> **Work instruction**:
Would you please transcribe the listing exactly, with no images?

*** Supplied material Section Begins ***

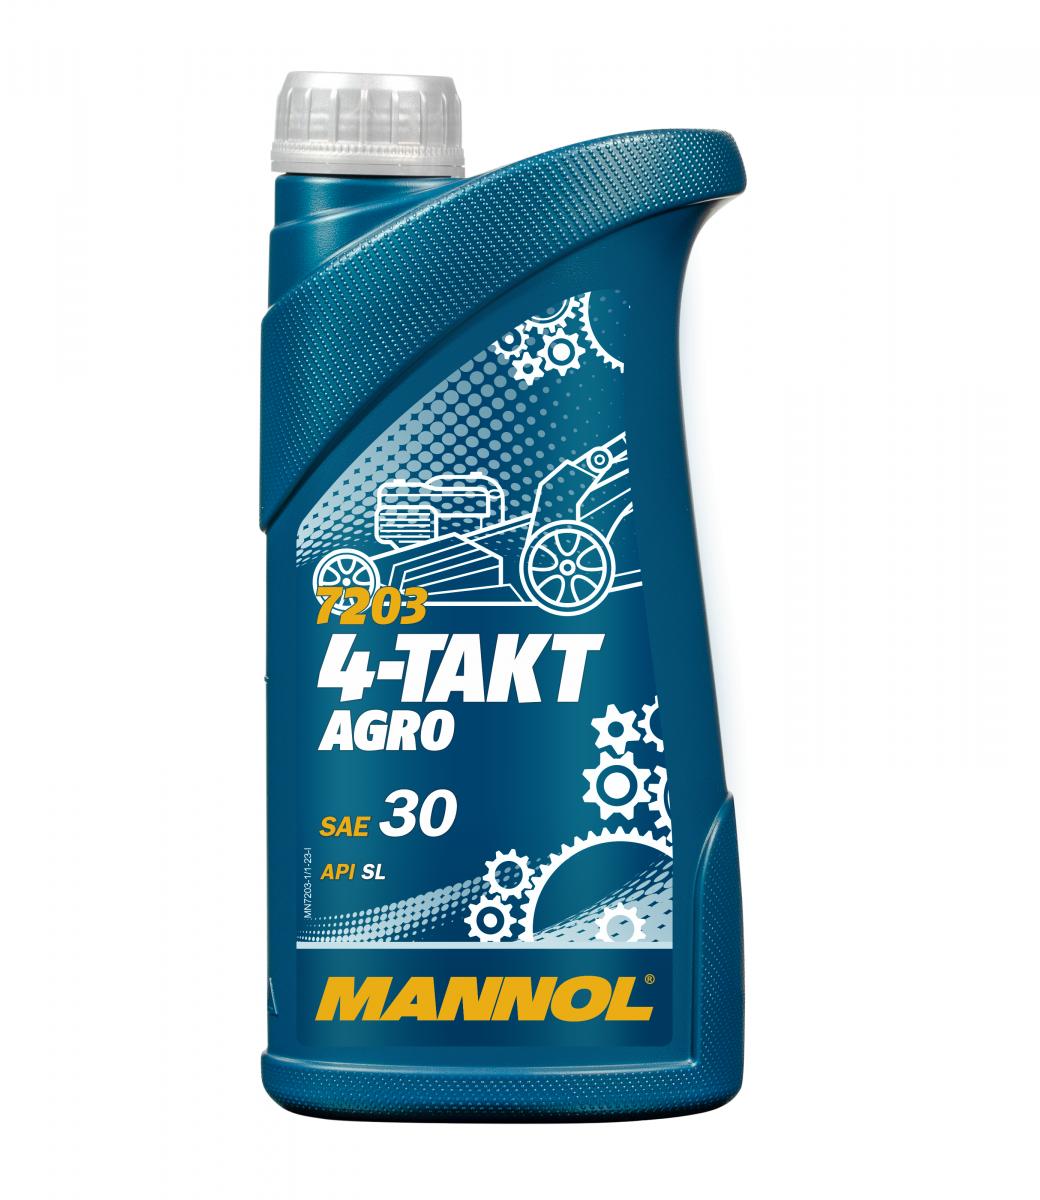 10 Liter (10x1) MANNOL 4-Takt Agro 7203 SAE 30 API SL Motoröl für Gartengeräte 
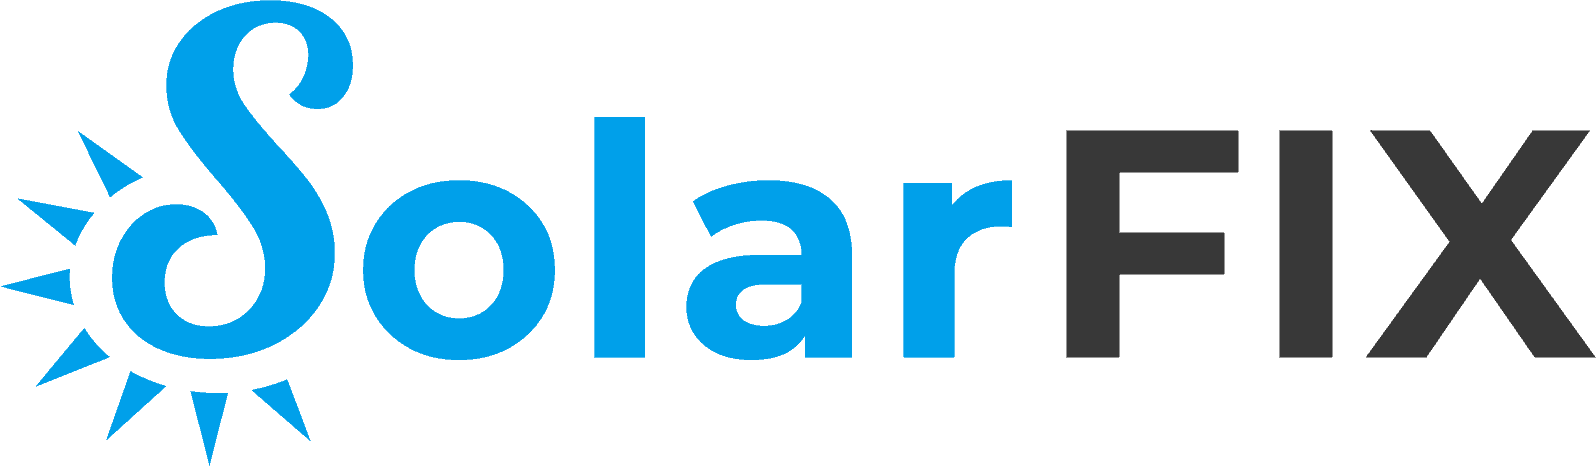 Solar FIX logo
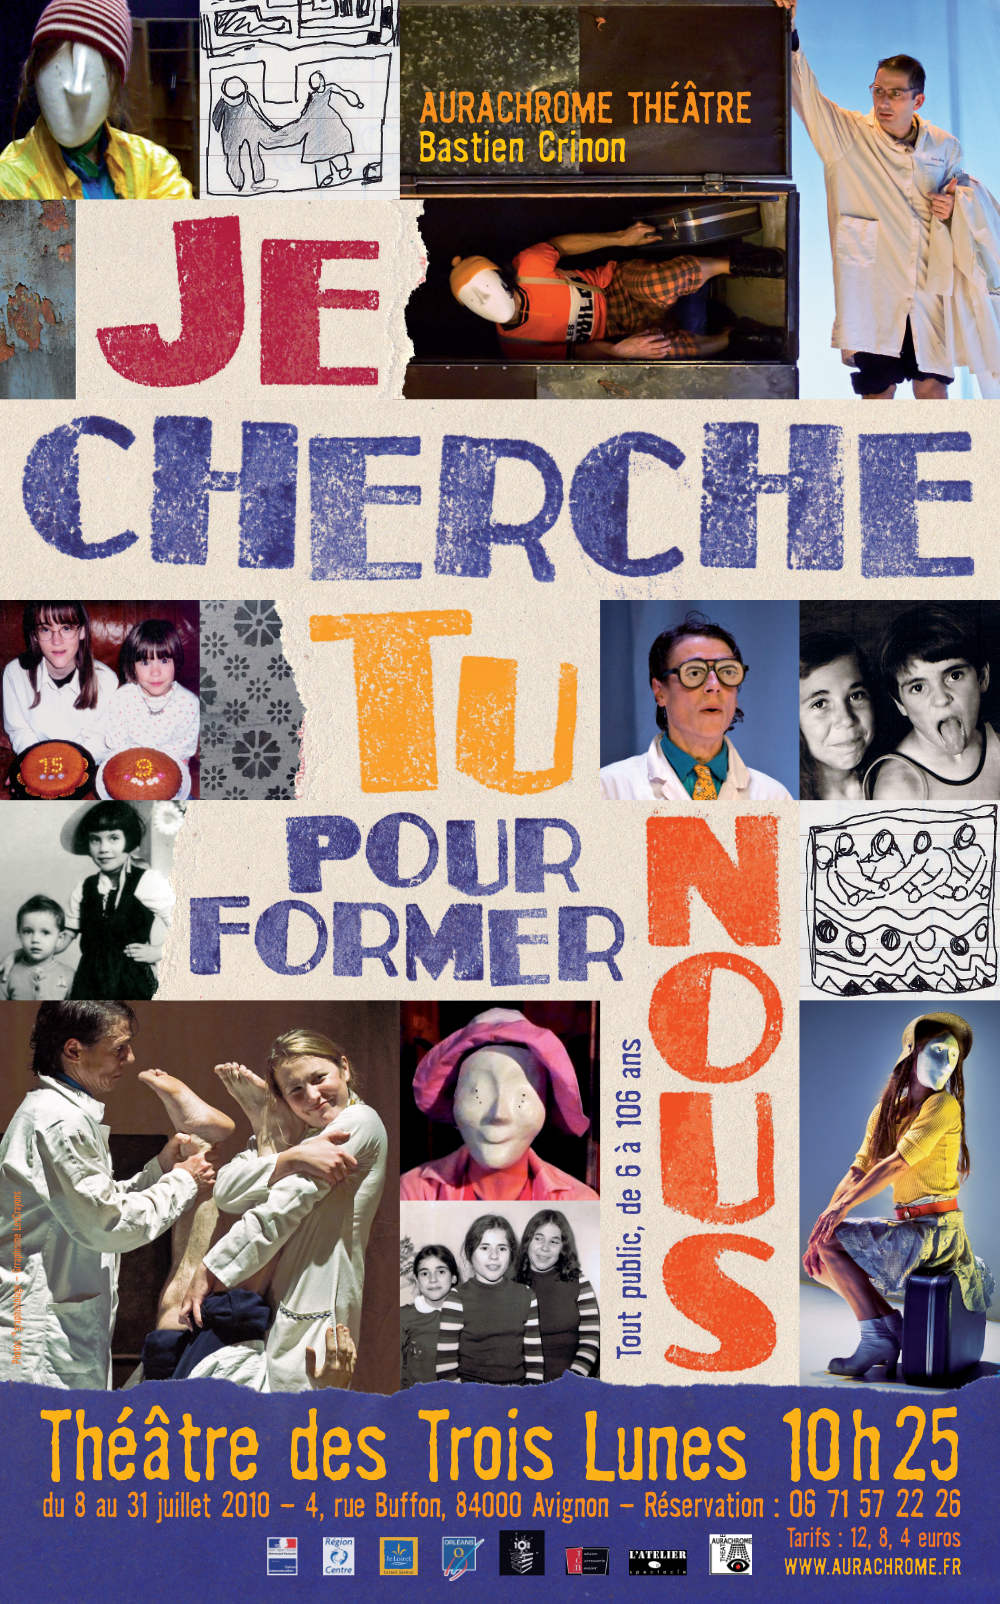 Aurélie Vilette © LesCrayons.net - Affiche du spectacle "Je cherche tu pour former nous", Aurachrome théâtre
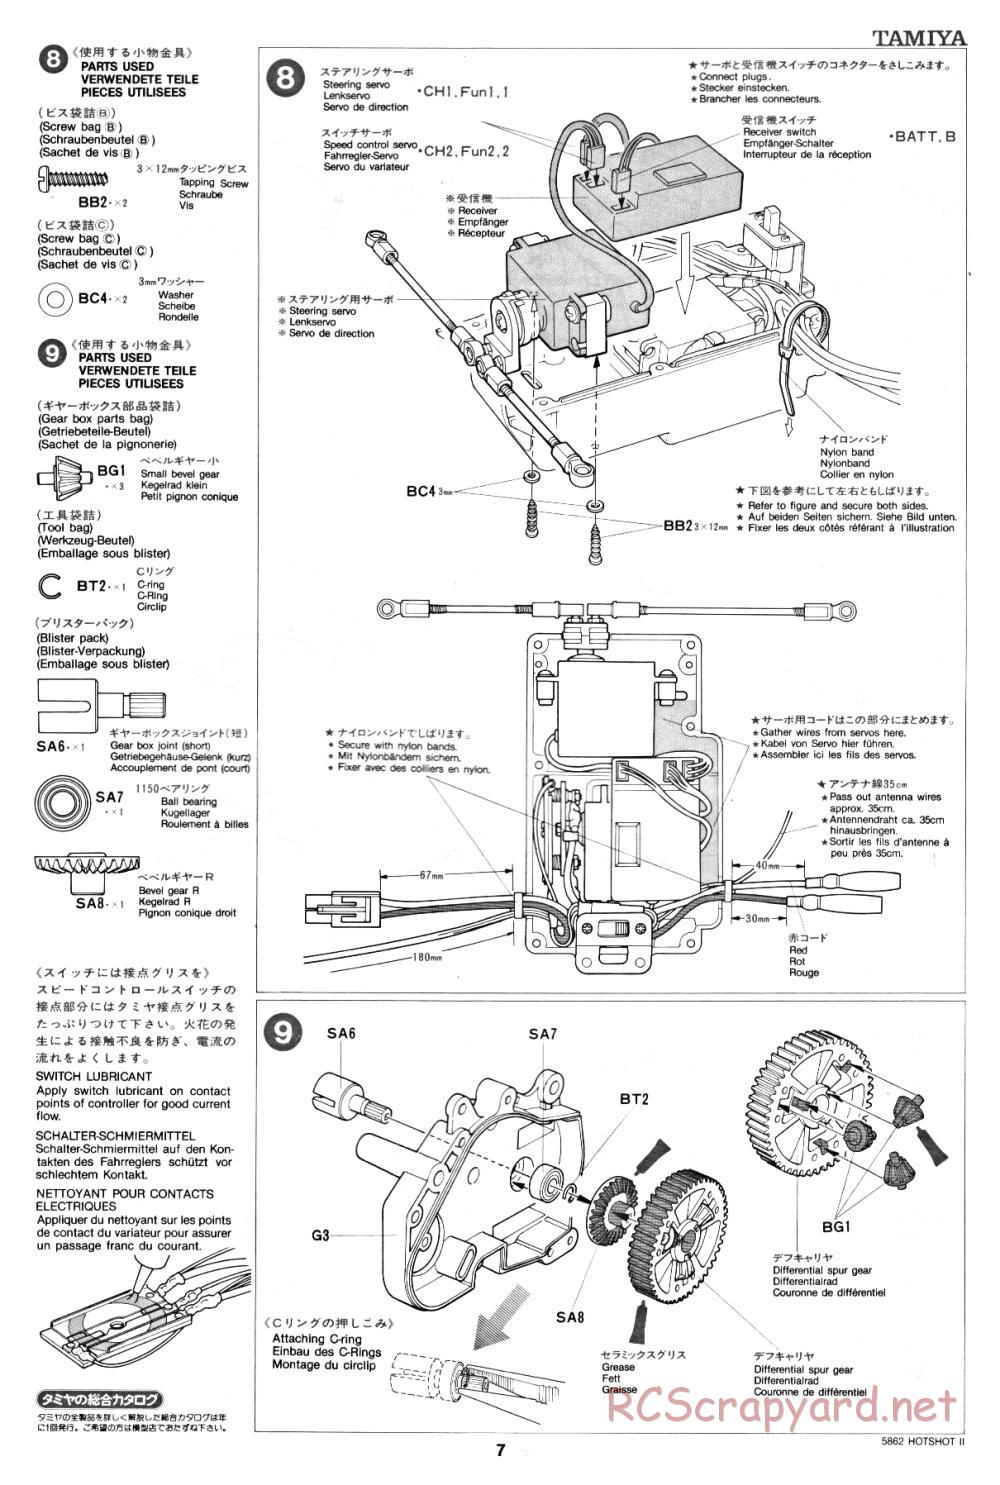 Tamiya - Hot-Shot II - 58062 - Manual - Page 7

*** Supplied material Section Ends ***

> **Answer below**:
 10 Liter (10x1) MANNOL 4-Takt Agro 7203 SAE 30 API SL Motoröl für Gartengeräte 
 Solar FIX logo
 Aurélie Vilette © LesCrayons.net - Affiche du spectacle "Je cherche tu pour former nous", Aurachrome théâtre
 Tamiya - Hot-Shot II - 58062 - Manual - Page 7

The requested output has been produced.